Empty tank with shallow sand bed (never got used to bb look)










Added a couple of pieces of live rock, but later changed out aquascaping










Topped up water










This is just Version 0.5. I already changed out the aquascaping, added some frags and some captive bred fish in there. I will eventually use this tank to test some new DIY equipment my friend and I are building.

I'll take more pics and post them later.


----------



## Claudia (Apr 21, 2010)

Looking good, i like that light, i need something like that for my fluval chi


----------



## SeaHorse_Fanatic (Apr 22, 2010)

Today's pic.

This is V1. I expect the nano to evolve two or three more times with the final version being a real technology tester.


----------



## SeaHorse_Fanatic (Apr 22, 2010)

Claudia said:


> Looking good, i like that light, i need something like that for my fluval chi


That's just a stock Spec light (very low power LEDs) with two blue moonlights attached. It's only on until I can get my "DIY" LED unit with stainless steel hanging kit on it. That will be V2.

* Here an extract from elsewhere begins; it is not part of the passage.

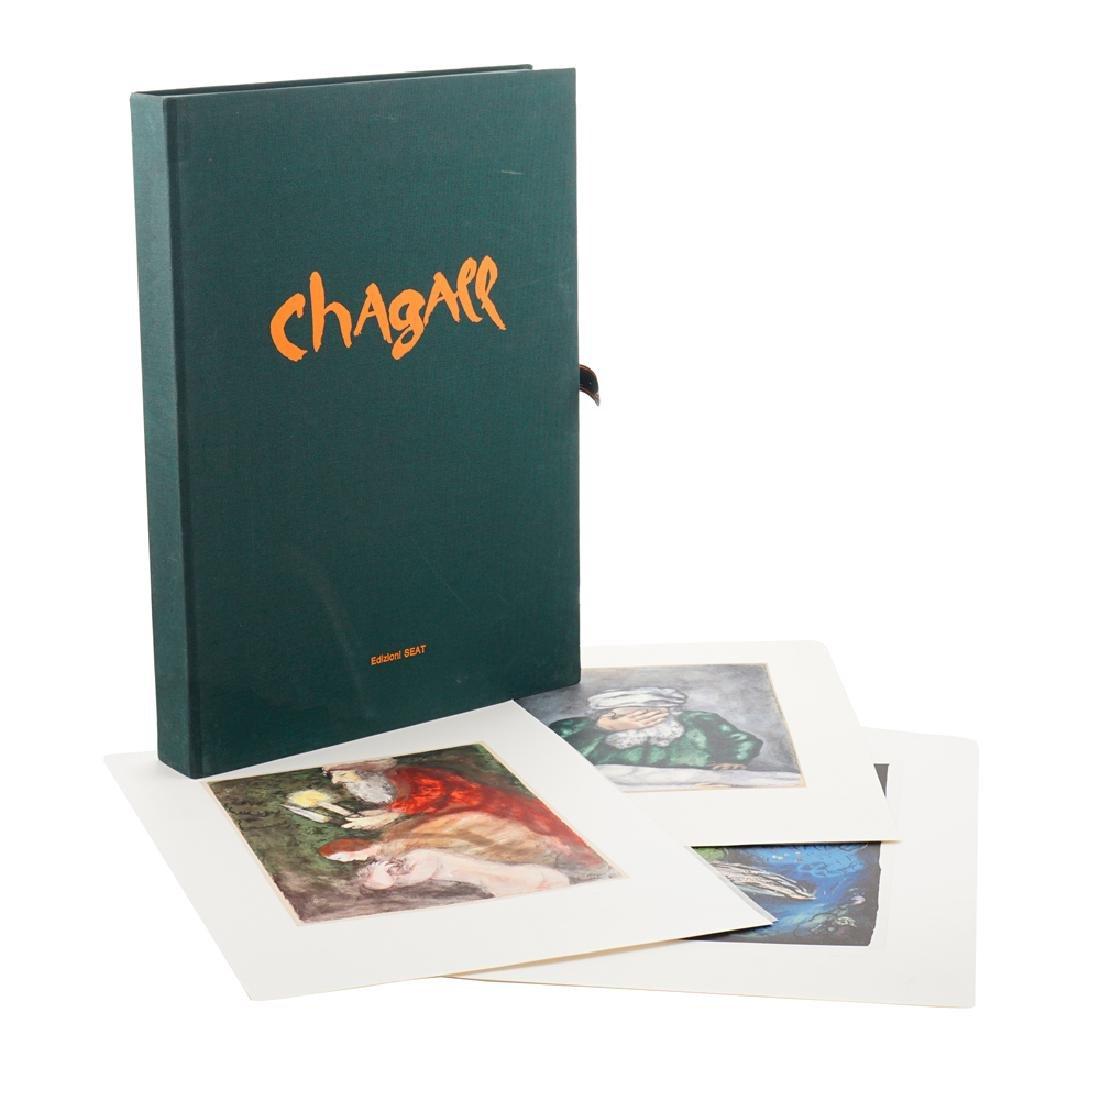 Chagall Folder Turin 1986 55x40x6 cm.

V3 will involve new pump & heating system.


----------



## Smallermouse (Jan 28, 2012)

wow...looking good already.


----------



## Elle (Oct 25, 2010)

Looking really good! What are you using for filtration? Any livestock going in eventually?


----------



## SeaHorse_Fanatic (Apr 22, 2010)

It currently has 2 captive bred black clowns and a little yellow prawn goby I found in my sump.


----------



## Pamela (Apr 21, 2010)

The tank looks terrific! I really like how you took advantage of the height. 

IMO it would look even better if you put a background on it, I think every tank looks better with a background. For backgrounds for tanks that size I just go to the dollar store and buy black or blue or white poster board and cut it down to size (it's usually 2 sheets for a $1).


----------



## SeaHorse_Fanatic (Apr 22, 2010)

Yup, heading there today for background material. Going to background all my tanks.


----------



## Pamela (Apr 21, 2010)

SeaHorse_Fanatic said:


> Yup, heading there today for background material. Going to background all my tanks.


Are you going to let Felicia pick out the colour? ...you might end up with a bright pink or purple background


----------



## SeaHorse_Fanatic (Apr 22, 2010)

I was going to but she decided that she'd rather go back to my parents house for the afternoon. I'll go some other day when I can bring her along as my consultant.:bigsmile:


----------